Eventually, though, as Dewji climbed the ranks at MeTL, he could no longer effectively toggle between business and politics. After leaving parliament, he channeled his ideas for a poverty-free Tanzania — with a focus on health care, education and business development — into the Mo Dewji Foundation. Launched in 2014, the foundation provides grants for a host of social empowerment projects and academic scholarships (Dewji says his pet project, a pediatric oncology center, has seen survival rates jump from 12 percent to 60 percent).
But charitable deeds aside, any company that derives its wealth from natural resources — as Dewji’s does in part — is bound to have an environmental impact. For starters, MeTL’s subsidiary Star Oils owns and operates approximately 200 gas stations in Tanzania. The U.S. Energy Information Administration estimates every gallon of gasoline burned (sans ethanol) emits 19.6 pounds of carbon dioxide, a powerful heat-trapping gas that contributes to climate change, leaving Tanzania’s farmers and others to suffer the consequences. According to Zakaria Faustin, head of land-based investment programs at Tanzania Natural Resource Forum, pasture in dryland areas has shrunk because of diminished rainfall. “Tanzania has two types of rainfall,” he says: short (November to December) and long (March to June). Now, he adds, both are starting late, delivering less rain than normal-length seasons used to provide.
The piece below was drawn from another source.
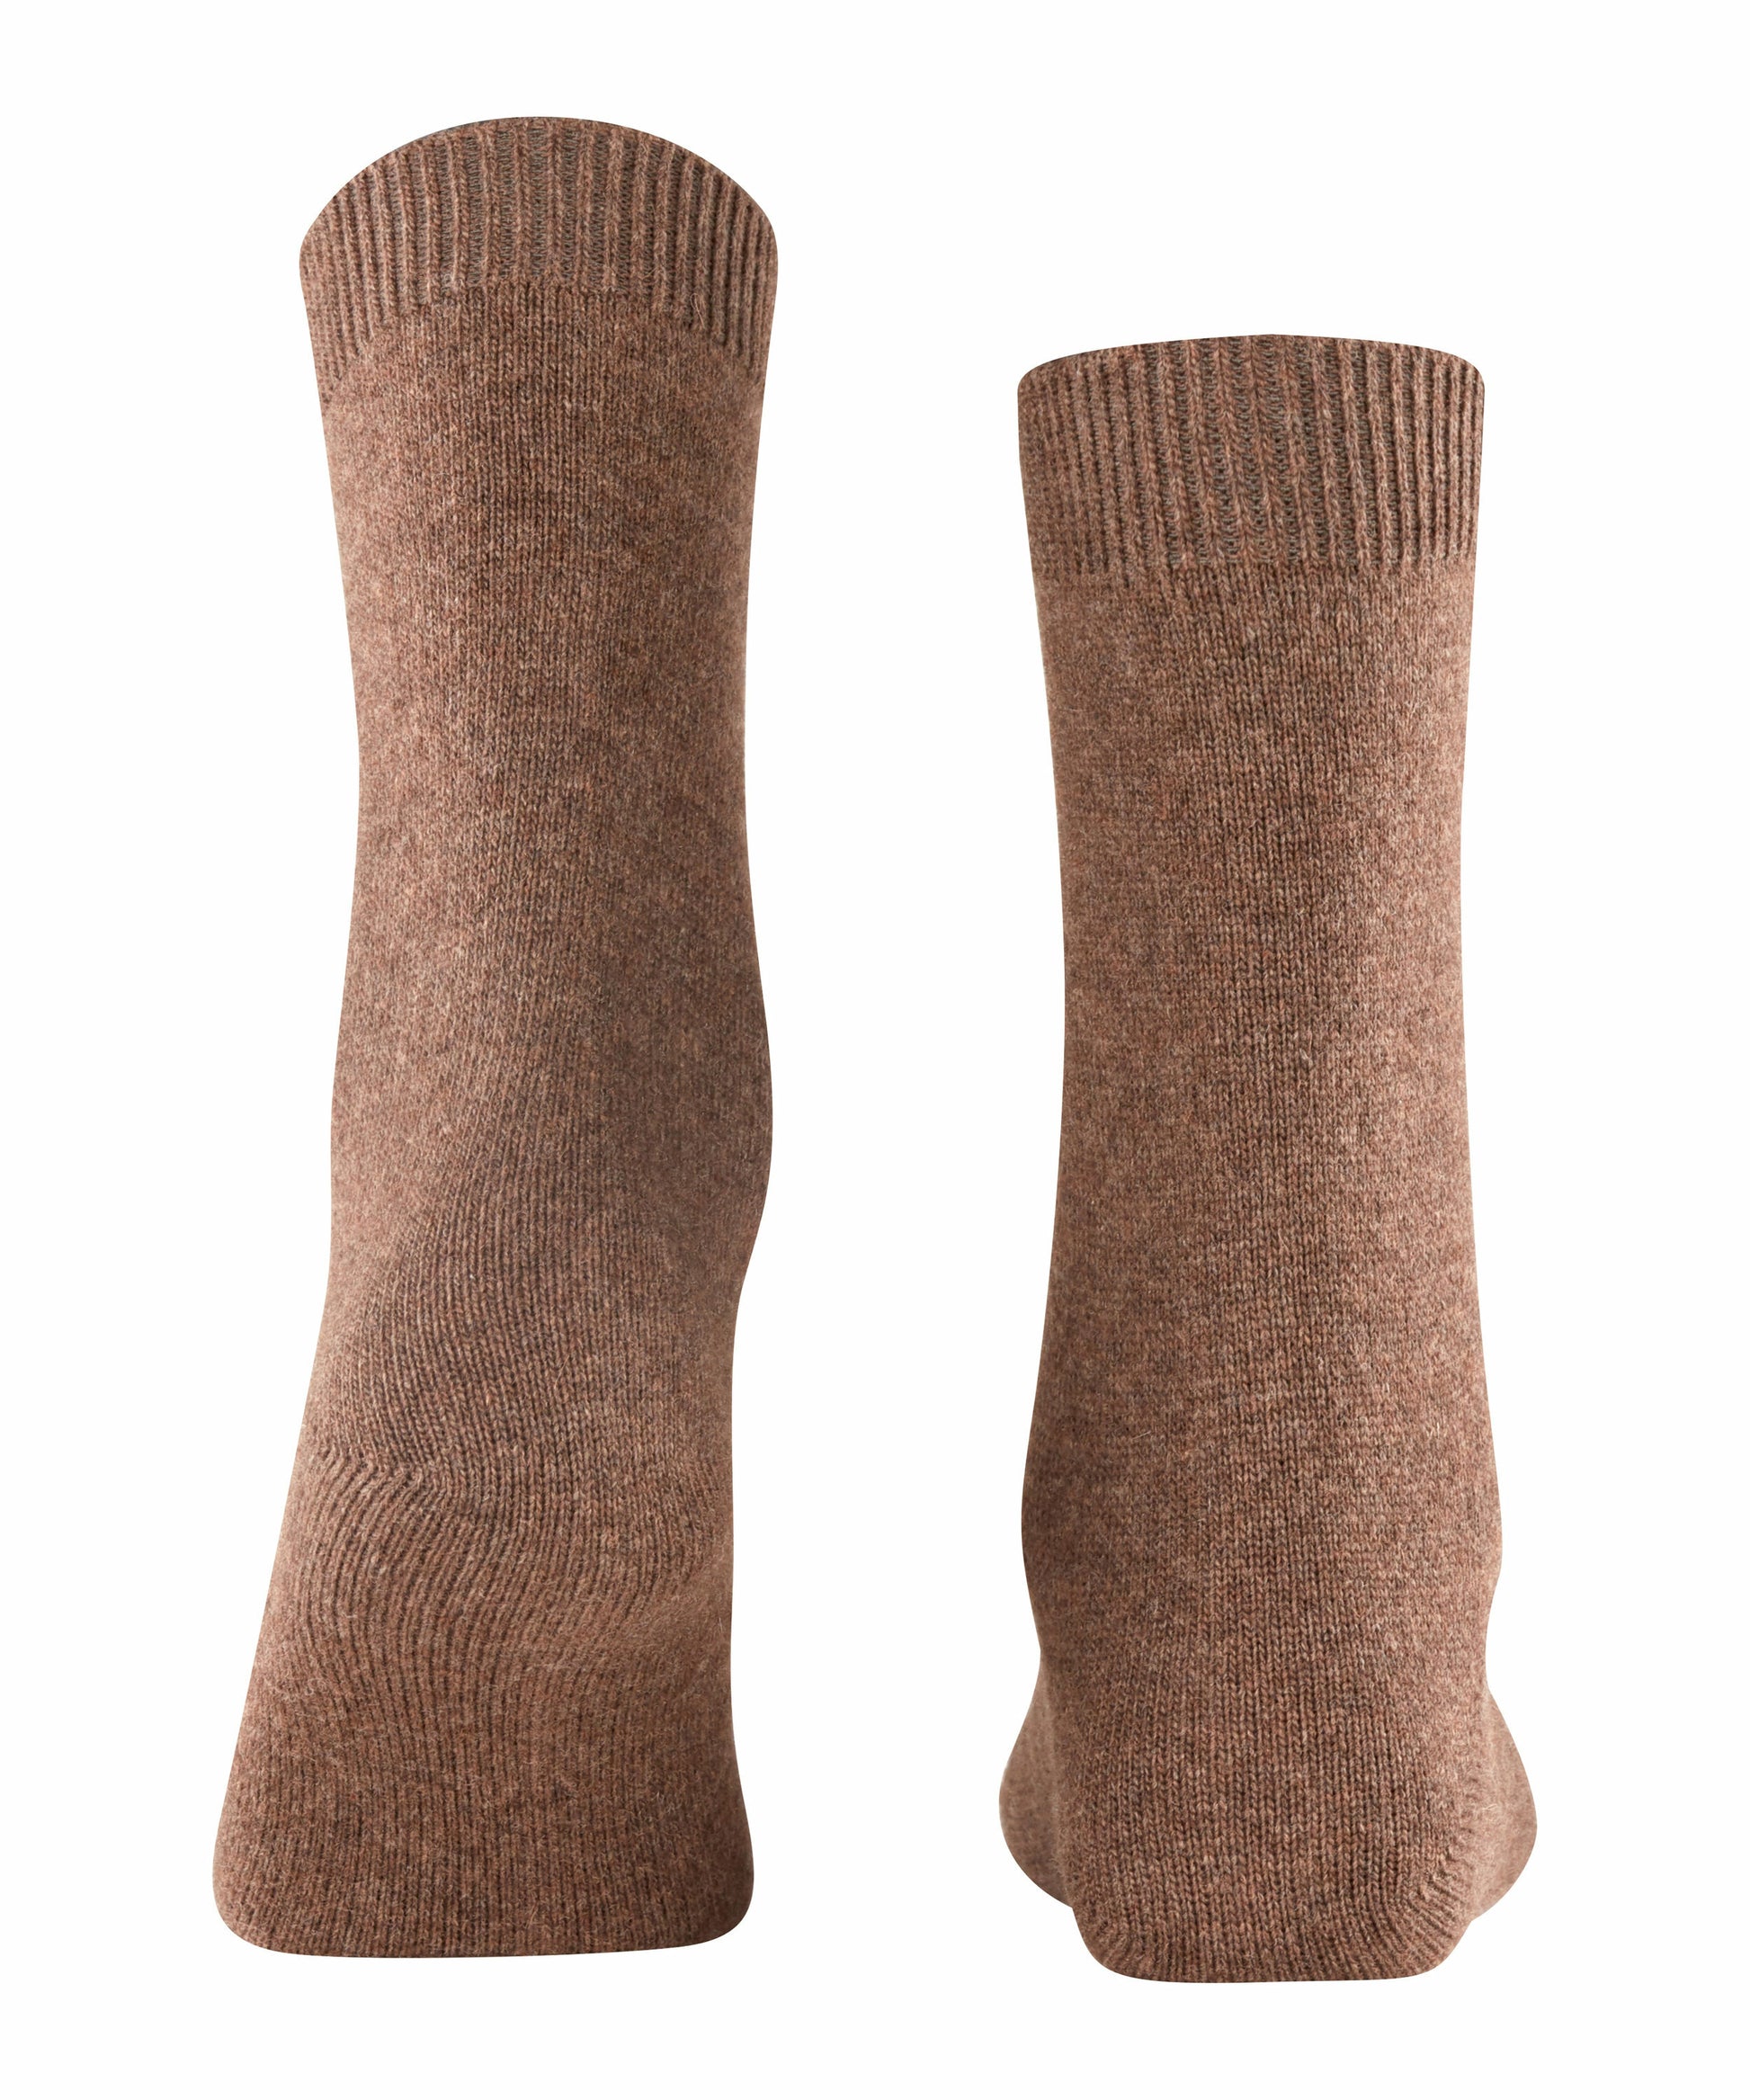 Socken Cosy Wool (Jasper)

Dewji agrees that global warming is “very serious,” and MeTL has made several changes to reduce its carbon footprint. The company stopped using wood to produce steam in its factories and replaced it with natural gas, and invested over $ 1 million to install reverse osmosis systems in its textile plants so the water runoff is safe to drink. Dewji insists they remain vigilant, open to and searching for other ways to be more environmentally responsible.
No one disputes that being born a Dewji gave him a head start in business, but he also inherited discipline and drive from his family. Married with three children, he tells of great-great-grandparents who came to Tanzania from India on a dhow — a two-masted boat — in the late 19th century. His father picked up his grandmother’s work ethic and entrepreneurial spirit, and together they built the company that Dewji now runs. He says his mother, a caretaker of six children, was the family backbone.
As the company grew, the family split up to manage the various trading hubs: Dewji and his older sister went with their grandmother to Arusha in northern Tanzania, where he attended a British school. A promising golfer, he left home for Florida after 10th grade to enroll at the Arnold Palmer Golf Academy outside Tampa. In 1994, Dewji graduated from Saddle Brook High School in New Jersey and, eschewing a career in golf, studied international business and finance at Georgetown University in Washington, D.C.
True, his family was well-off, he was afforded numerous advantages and, when he returned home, he started by managing a MeTL commodities trading business and was promoted to chief financial officer within two years. Still, his achievements are quantifiable: Today, the company is the biggest employer in Tanzania, produces foods and goods across 21 categories and outsells global brands.
Dewji maintains that his ambition is fueled by perfection more than anything else. At the office by 6 a.m., he finds time to work out twice a day, pray, meet his mother for lunch (even for just 15 minutes, he says) and run 28 or so miles a week. Vipul Kakad, vice president at MeTL and a friend for 19 years, adds: “Even if he has thousands of emails, he would ensure to reply to each and every [one].”
Dewji’s next target is to generate $ 5 billion in revenue within five to seven years and employ 100,000 people across Africa. His advice for aspiring billionaires? Patience, he says. “Success, money, wealth — it’s climbing the stairs. There’s no elevator.”